So…hey there, reader. I’ve been away a while, with the exception of a few posts regarding that trip I took. Work’s been busy, life gets in the way, etcetera. In the couple of months since I last posted a review, I’ve read somewhere around a dozen books and stories, so in an effort to catch up to the schedule, I’ve set myself a rather aggressive review schedule. If, as I hope, I stick to that schedule, you can expect a review every other day through mid-November, possibly even into December. You ready? I am. Let’s do this.
harlie Jane Anders has been the talk of the Sci-Fi world this year, with her debut novel, All the Birds in the Sky, winning a Nebula and nomination for a Hugo, among its many other accolades. I think it deserves the praise.
All the Birds in the Sky is a story about abuse, growth, fear, artificial intelligence, the transcendental power of the mind, and the unknowable power of nature. It’s something of a treatise, from a Bay Area native, on the dangers of taking technology too far—something I’ve been thinking about quite a bit, incidentally.
The story follows the lives of two characters, Patricia and Laurence, who become friends as children, finding solace in each other’s company, processing their traumas together. They discover they’re a witch and gifted technologist, respectively, which drives a wedge between them, the resulting separation causing even more pain to each of them.

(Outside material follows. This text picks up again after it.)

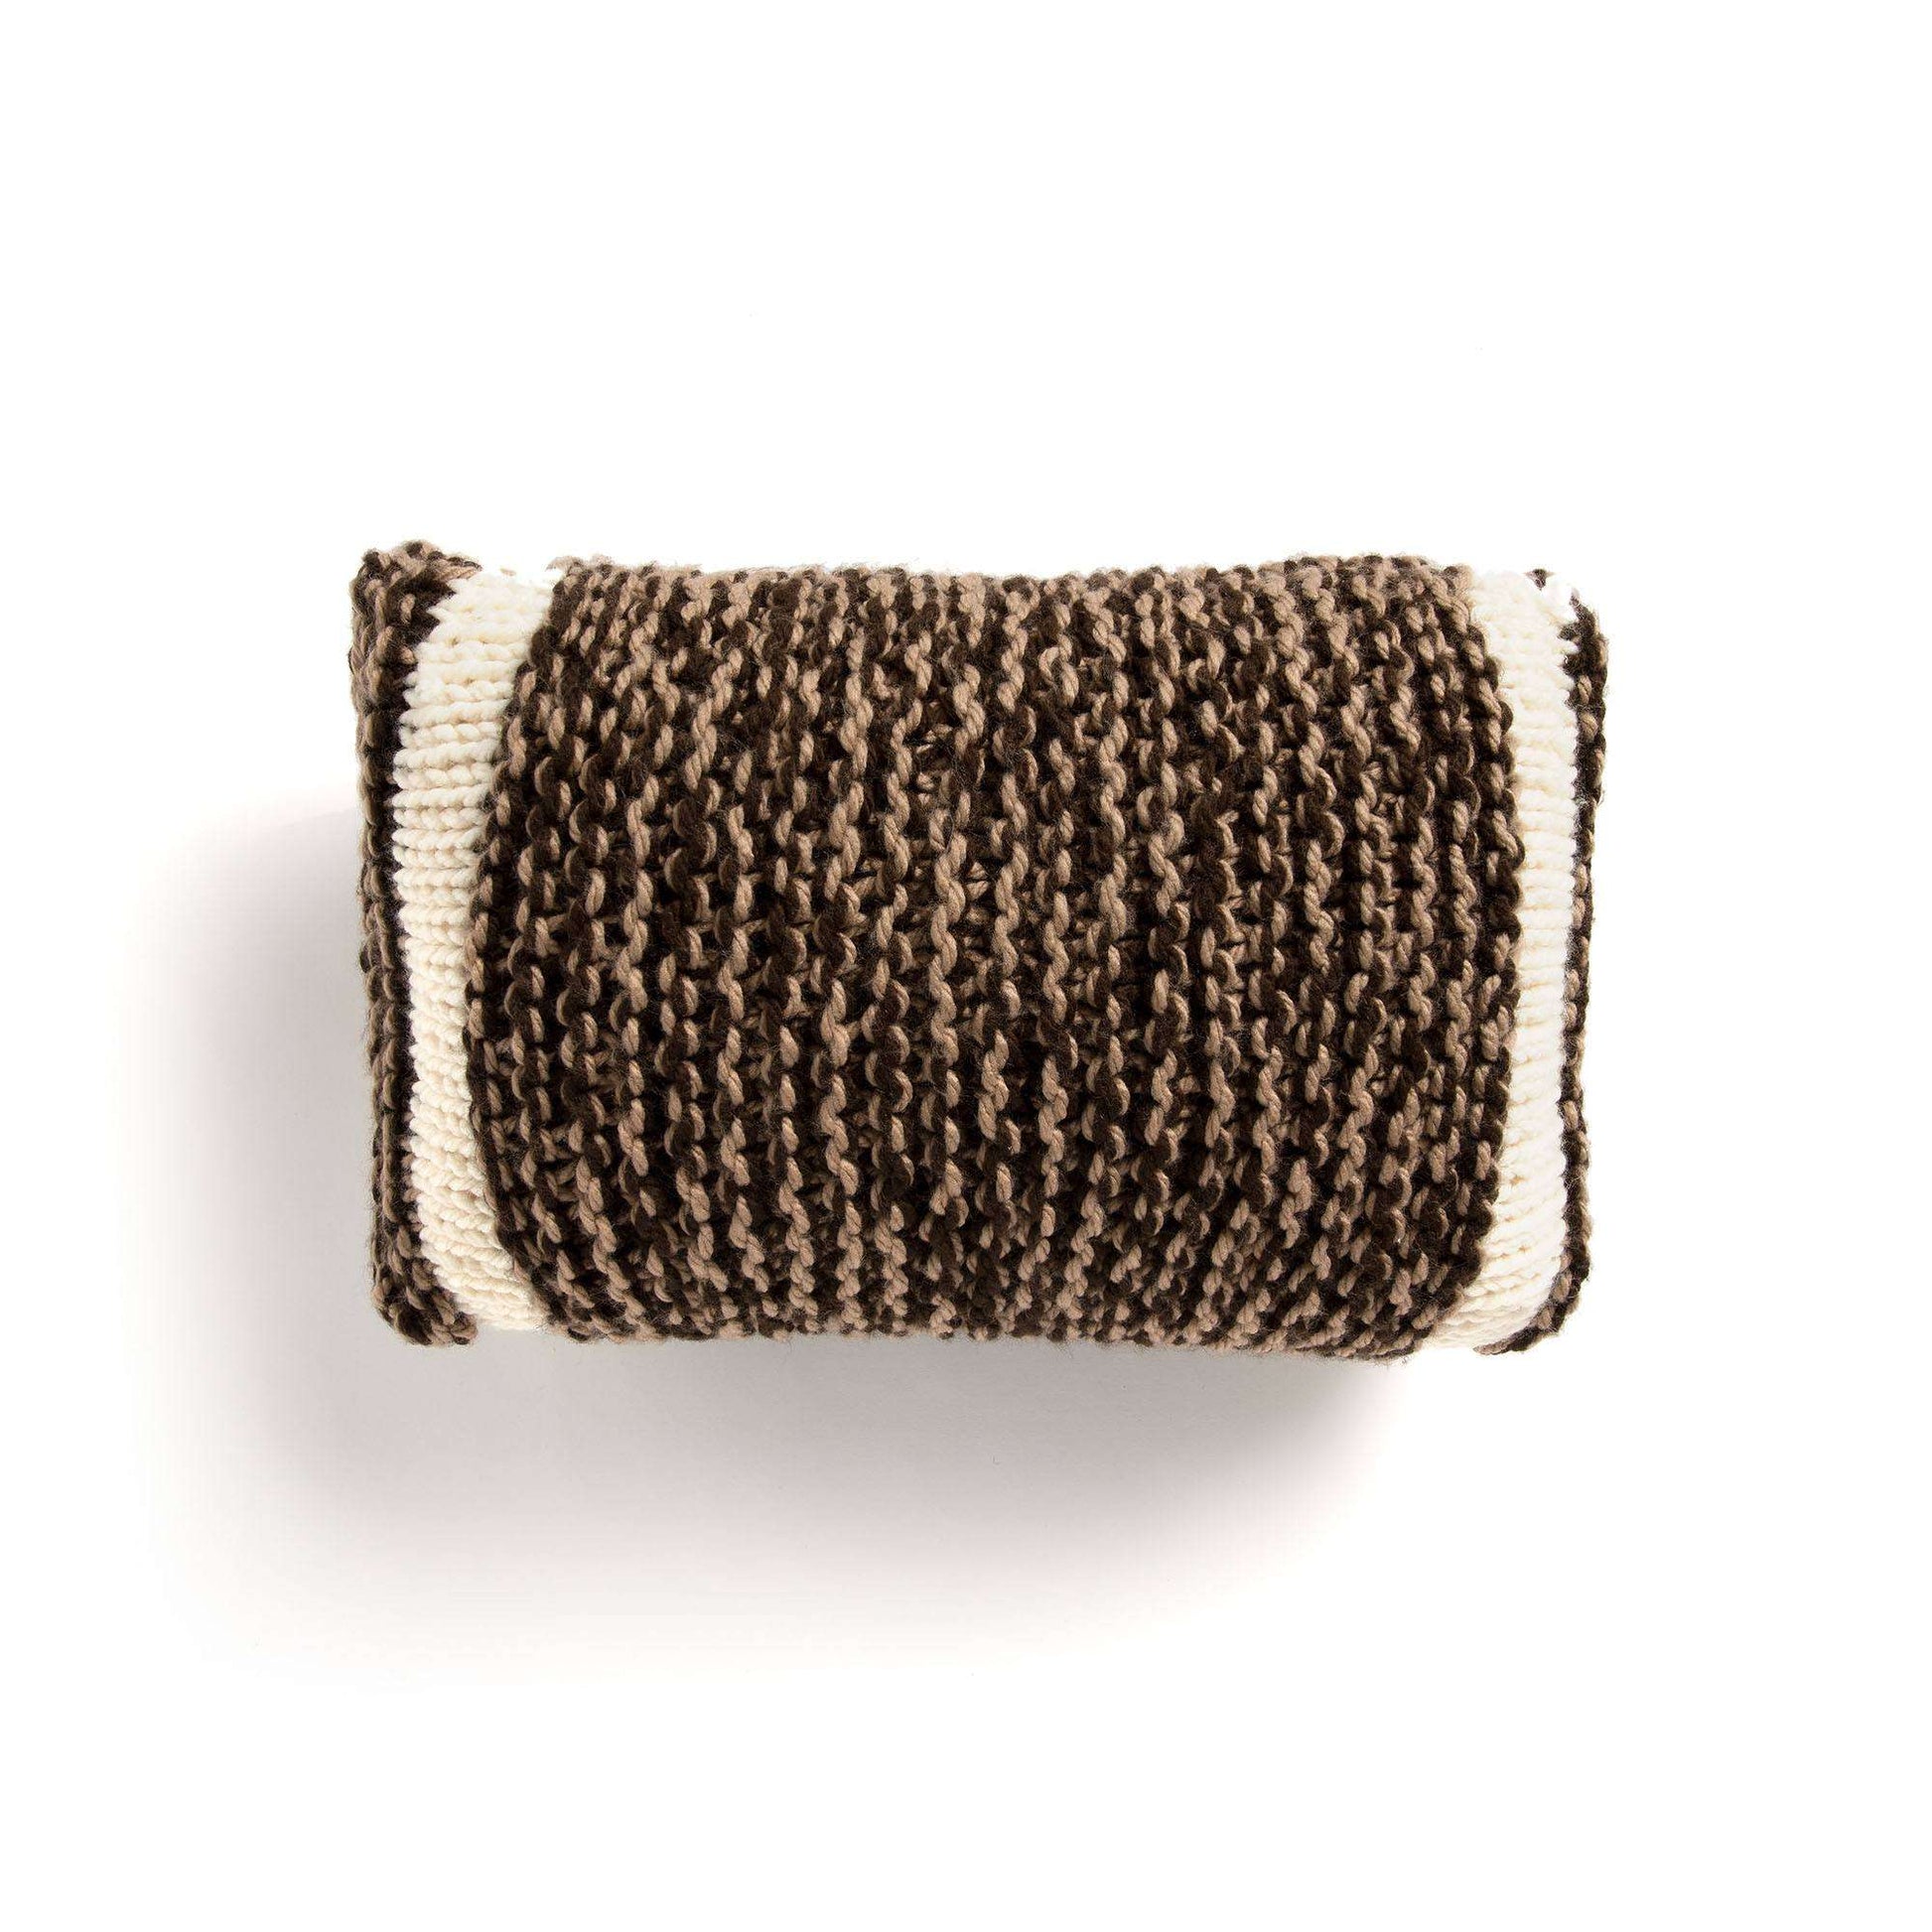 Bernat Touchdown Knit Pillow Single Size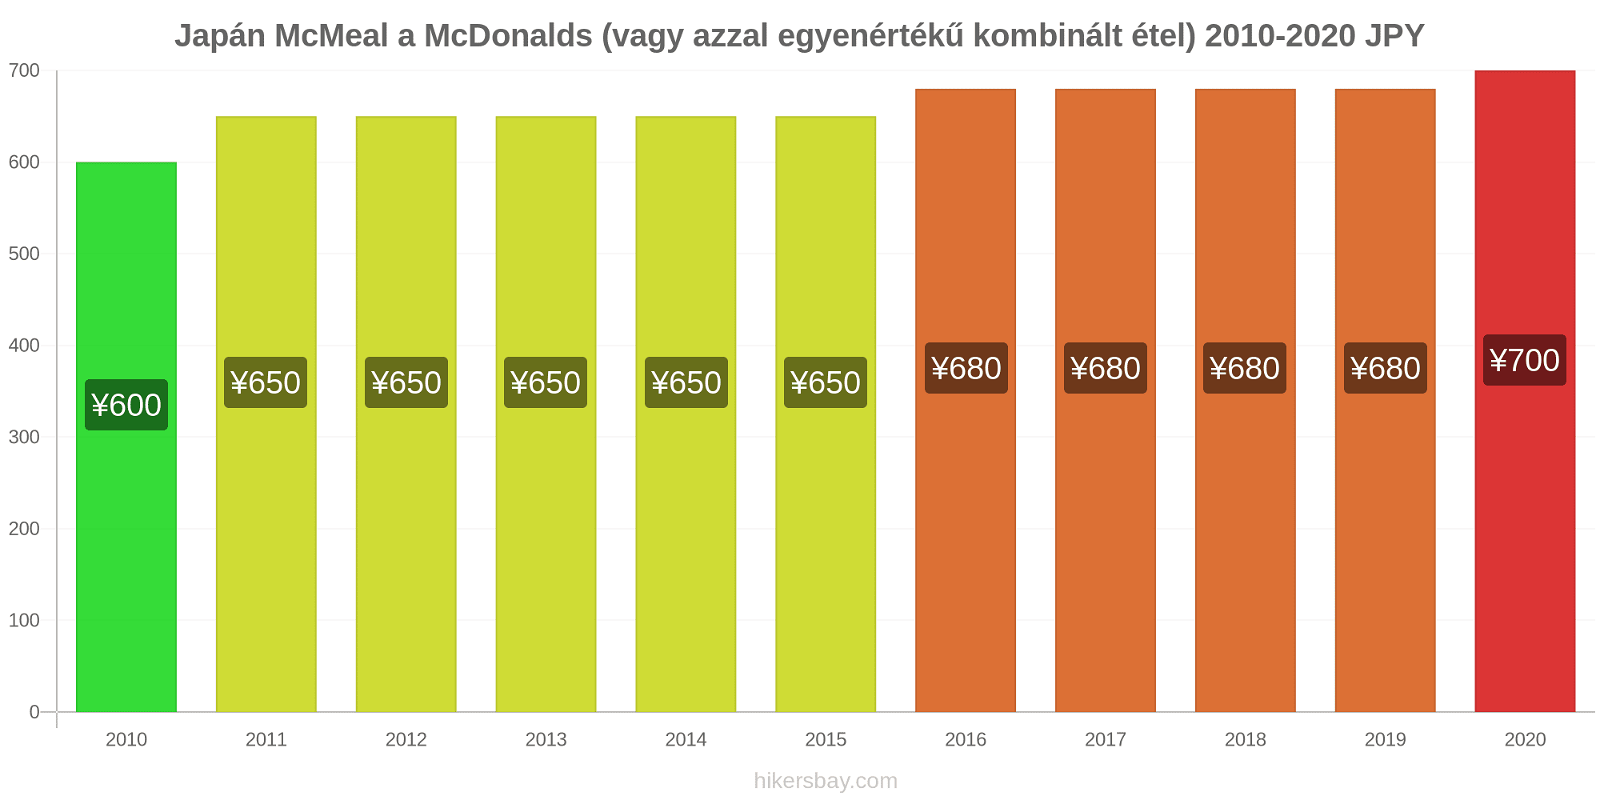 Japán árváltozások McMeal a McDonalds (vagy azzal egyenértékű kombinált étel) hikersbay.com

The three-act structure of the book is divided among periods in the protagonists’ lives, and leaps into their twenties—after Patricia has gone to Witch School after rescuing Laurence from a horrible military boarding school. Patricia has grown into a capable Healer, who cures people in San Francisco of all manner of ills, from actual sickness to fatal marital conflicts. Meanwhile, Laurence is a hot-shot engineer, whose connections and skill placed him in San Francisco as well, where he’s a rockstar in the tech industry. Our heroes meet again, at a party, and rekindle something of their old friendship. It blossoms into something more, and they work together to redefine themselves while recalling their traumas.
The final act consists of an epic conflict between the forces of witchcraft (nature) and technology, which, because it’s awesome, I won’t detail here. You’ll have to read the book. Which you should absolutely do.
Anders’s writing flows easily between ecstatic and window-pane, reserving stylistic flair for the moments of surreality that punctuate the novel. It creates a powerful effect—the contrast between the moments of magic and pain is stronger for it.
My only issue with the novel was the uneven pacing between the first act and the others. The first act—the childhood and abuses portion—was longer and slower-paced than its adolescent and adult counterparts and, for me, the latter two acts dealt with much more interesting philosophical questions about the nature of consciousness, morality, technology, humanity, and the limits of each of those subjects. Because the bulk of the action in the story takes places in the second and third acts, it feels like it races through those discussions, and I’d have liked to explore the topics a little deeper with her characters.
I loved the idea of putting technology and magic against each other in our world, especially one that I’ve become intimately familiar with throughout my (admittedly short) career. San Francisco and Silicon Valley are complicated places, and more than a few of the ideas that come out of these places could use the careful consideration that a book like All the Birds in the Sky gives to the merits of limitless technological progress.
I really enjoyed All the Birds in the Sky, and I think that chances are good that you’ll enjoy it too. If you’re eager to read it, consider clicking this here link to order it on Amazon, which will give your pal The Warbler a kick-back.
Also published on Medium.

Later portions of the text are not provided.